I really enjoyed Brad DeLong’s 2016 book “Concrete Economics,” which made this point about the Clinton/Bush approach to China’s entry into the global trading system. Those administrations believed that free trade is generally beneficial (which is true), and so even though a huge influx of Chinese imports would cost a bunch of people their jobs, it would be better to re-employ those people doing something else. But doing what? If you abstract away from any detailed information about life in the United States of America, you’d point to the booming computer, biotech, and finance industries happening in coastal cities and note that those places ought to be experiencing skyrocketing population growth, with tons of blue-collar job opportunities building housing and infrastructure, and tons of generic service-sector work to complement it all. Letting that process of reallocation play out would be much better than trying to prop up midwestern manufacturing communities.
The problem, obviously, is that nothing about the non-trade aspects of American public policy was set up to facilitate a large-scale migration of blue-collar workers to New York, San Francisco, Seattle, Boston, and D.C. to provide the workforce for a construction boom and infrastructure upgrades. What actually happened was that the labor force participation rate declined and productivity stagnated.
This isn’t to say that increasing tariffs on China to keep their imports out would have been a great idea either. But it is to say that even though policymakers can’t see the future or outsmart financial markets, they also don’t need to act like they have no information about the world. They ought to take stock of the situation and try to shape the future. After all, policymakers were deliberately trying to foster the growth of the American technology sector. They championed tech companies’ interests in trade negotiations, fought against protectionist regulatory impulses in Brussels, invested in broadband infrastructure, encouraged STEM education, and until recently, deliberately took a light-touch regulatory approach to these companies in order to encourage their growth. These things don’t happen just because politicians snap their fingers, but it is true and relevant that the sun of American public policy shone on the tech sector and not on manufacturing.
Biden needs to decide what he wants
Bringing this back to semiconductor factories, I think the key point is that there’s much more to successful industrial policy initiatives than handing out subsidies.
If we want to have a domestic semiconductor manufacturing industry, then we need to go through the checklist of potentially relevant policy choices. Have we made it easy for companies to get the visas they need? Have we made it easy for companies to get the permits they need? If you do an unexpectedly good job, will you have the opportunity to grow rapidly? And on down the line.
The historian Richard White wrote a very cynical book titled “Railroaded: The Transcontinentals and the Making of Modern America” in which he portrays the great era of railroad building in all its corruption, brutality, and waste. But say what you will about Gilded Age railroad policy, they built the hell out of those railroads. Were workers exploited? Did investors get ripped off? Were public funds misused? Absolutely. But they also absolutely built the railroads. And the latest economic history research suggests this had enormous benefits.
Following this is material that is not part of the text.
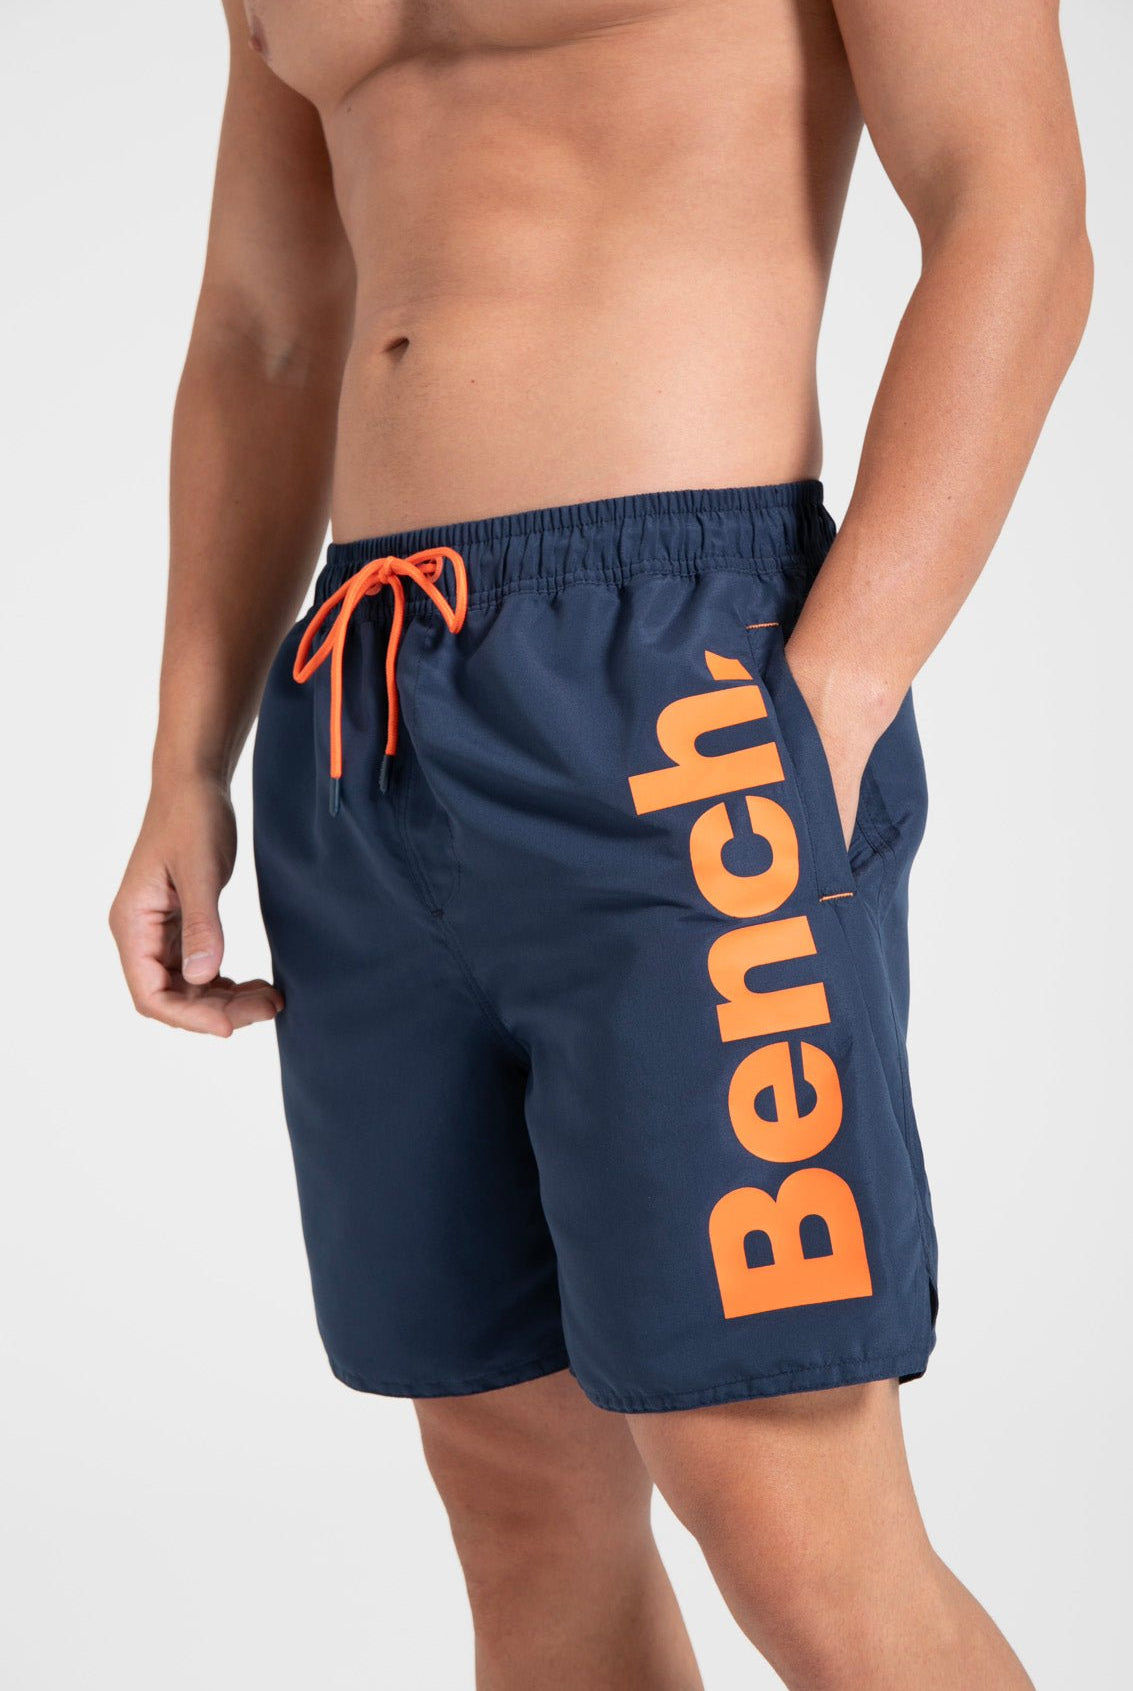 Mens 'TAHITI' Swim Shorts - NAVY - Shop at www.Bench.co.uk #LoveMyHood

And I think you’ve got to ask similar questions about CHIPS.
If it’s really strategically important for the United States to have a domestic semiconductor manufacturing industry, then worrying about excess profits from subsidy recipients seems foolish. Trying to force companies into union-friendly construction plans seems pointless. And trying to pound the round peg of child care policy into the square peg of semiconductors seems like a distraction at best. Or maybe you don’t really think this is important and it’s just a piggybank of money that Congress left you, so you may as well hand it out to stuff you care about. If that’s the case, then NEPA review isn’t so burdensome, aligning immigration policy probably doesn’t matter, and it’s all fine.
But my sense is that Biden really does think this is important, and if that’s the case, he needs to get the whole administration to act like it’s important and say that other causes need to fall by the wayside.
I think the problems with this strategy are pretty obvious, but Catherine Rampell did a great job spelling them out.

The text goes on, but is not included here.